Yet, as Lincoln and Guba point out, it is paradoxical to discuss evaluation design in qualitative inquiry, since the design is emergent. The focus of the study may change, the instrumentation is refined as one goes along, the data analysis is open-ended and inductive, the timing cannot be predicted, and the expected end products cannot be specified (224-25). The methodology is messy and labor-intensive and suffers from a perceived lack of rigor among those used to quantitative evaluations.6 And given the methodology, the budget for a naturalistic evaluation is virtually unspecifiable. Lincoln and Guba comment that rather than deal with the question "What will it cost to carry out these tasks?" the funder must ask "What am I willing to spend?" (225). Imagine saying to one of your own administrators, "I'm not really sure how much this will cost, Dean Tightfist. How much are you willing to spend?" You would, at best, be laughed out of the office; responsible administrators want to know ahead of time precisely how much an evaluation will cost them, what activities they are paying for, and what kind of bang to expect for their buck. Moreover, many university administrators above the level of dean, especially at research institutions, are scientists by training and are used to quantitative methods.

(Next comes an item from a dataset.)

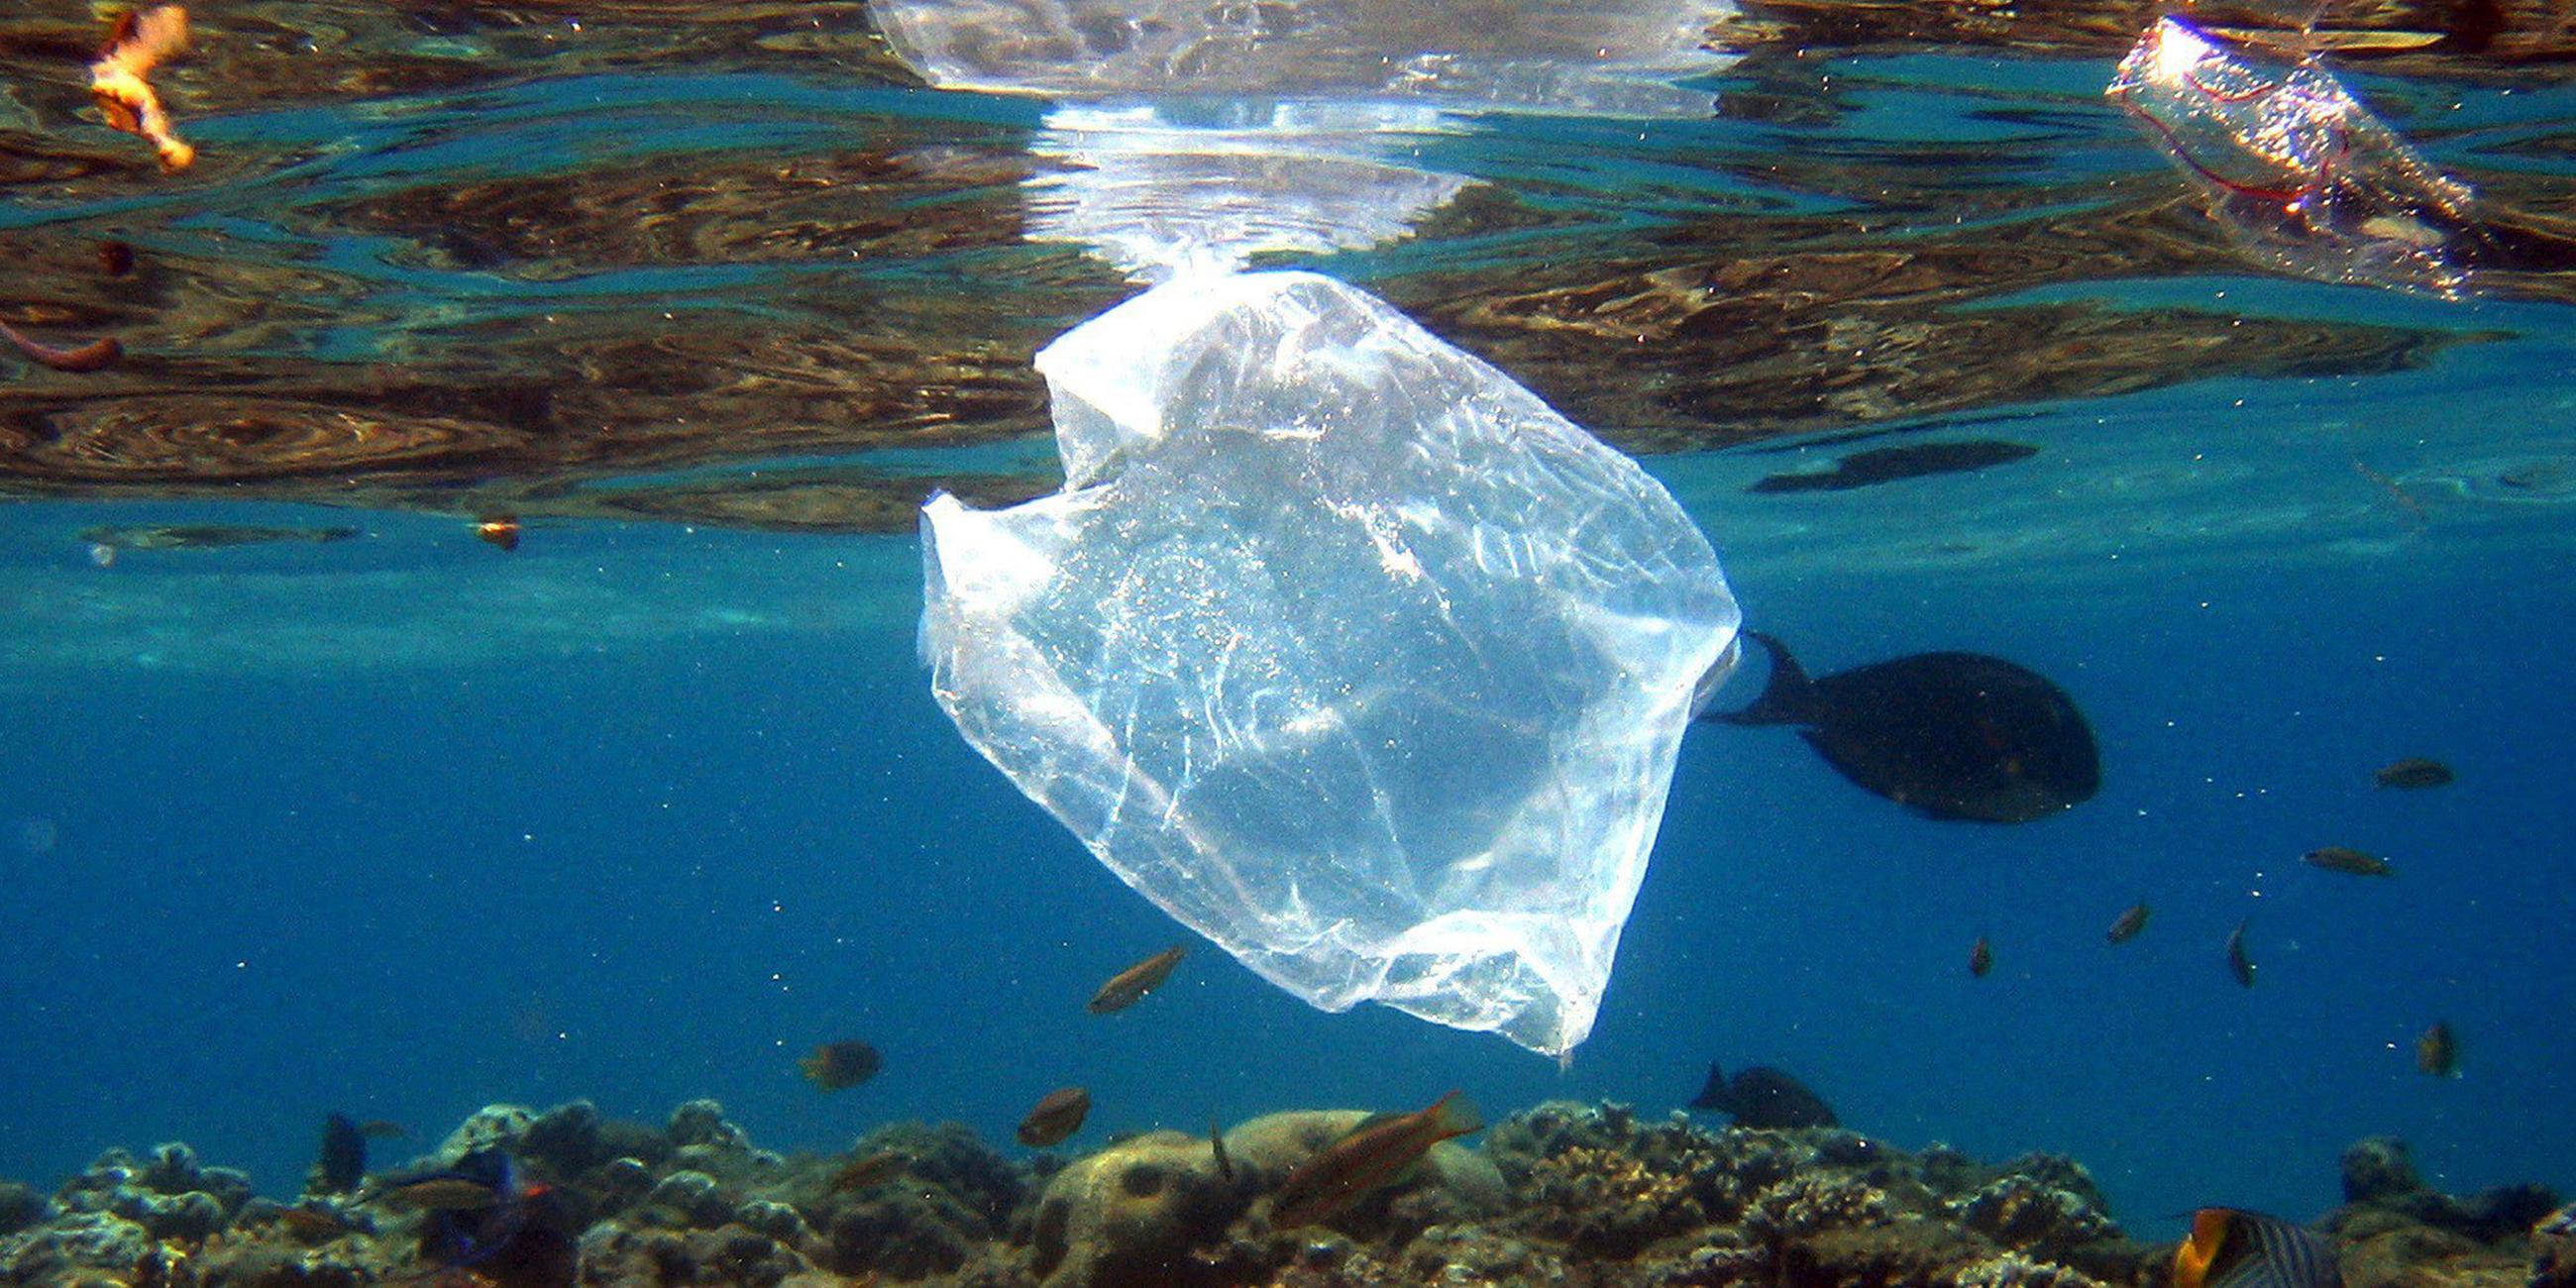 Plastiktüte an einem Korallenriff in Ägypten

They deal with numbers and statistics as part of their jobs as administrators, they know how to interpret such data, and they expect that sort of information from the rest of us to support our requests and justify the existence of our programs. They would find qualitative data exotic at best.7

This latter problem is perhaps the most serious difficulty of all for those of us who must deal not only with administrators but also with legislators and boards of regents who control the purse strings and who do not have the time or inclination to wade through the complexities of qualitative data—indeed, who sometimes want statistics and hard data but do not even understand this information when we give it to them. Ed White gives us a glimpse of this hard reality in a wonderful anecdote in Developing Successful College Writing Programs. White was testifying before the California Senate Committee on Finance as the expert witness, trying to persuade the legislature to fund a program for students who scored in the low range of the state-wide English Placement Test. The chair of the committee, whom White describes as a "venerable but notoriously shrewd sheep rancher from the central valley," asked White a question about the placement test: how many students flunked it? White continues,

I was ready for the question and had prepared a careful response. "I can't give you a simple number, Senator," I said. "The test is designed to give a profile of student skills, not just a pass or fail. We report a set of six separate scores to each campus for each student; the campus then analyzes the scores and places the student appropriately in whatever curriculum the campus has in place for entering students." I sat back, feeling that I had started out just fine.
    But the senator was frowning, and when he spoke he was no longer friendly. "Just like a professor!" he barked at no one in particular. "You ask a simple question and all you get back is a bunch of gobbledygook!" (193)
White was rescued by an administrator he describes as the dean-of-getting-money-from-the-legislature, who sprang into action, telling the committee that fully half of those who took the test failed it. How did he know? Why, that was the number that scored below the fiftieth percentile. In other words, White tells us, he told the committee chair that the lower half of the scores was the lower half of the scores. "'Thank you,' said the now genial sheep rancher. 'It's a relief to have somebody at that table who can give a straight answer when we need one'" (194). The writing program was funded. White is not, of course, advocating that we lie to our legislators—only that we need to know our audiences and how to present information to them when we discuss evaluation.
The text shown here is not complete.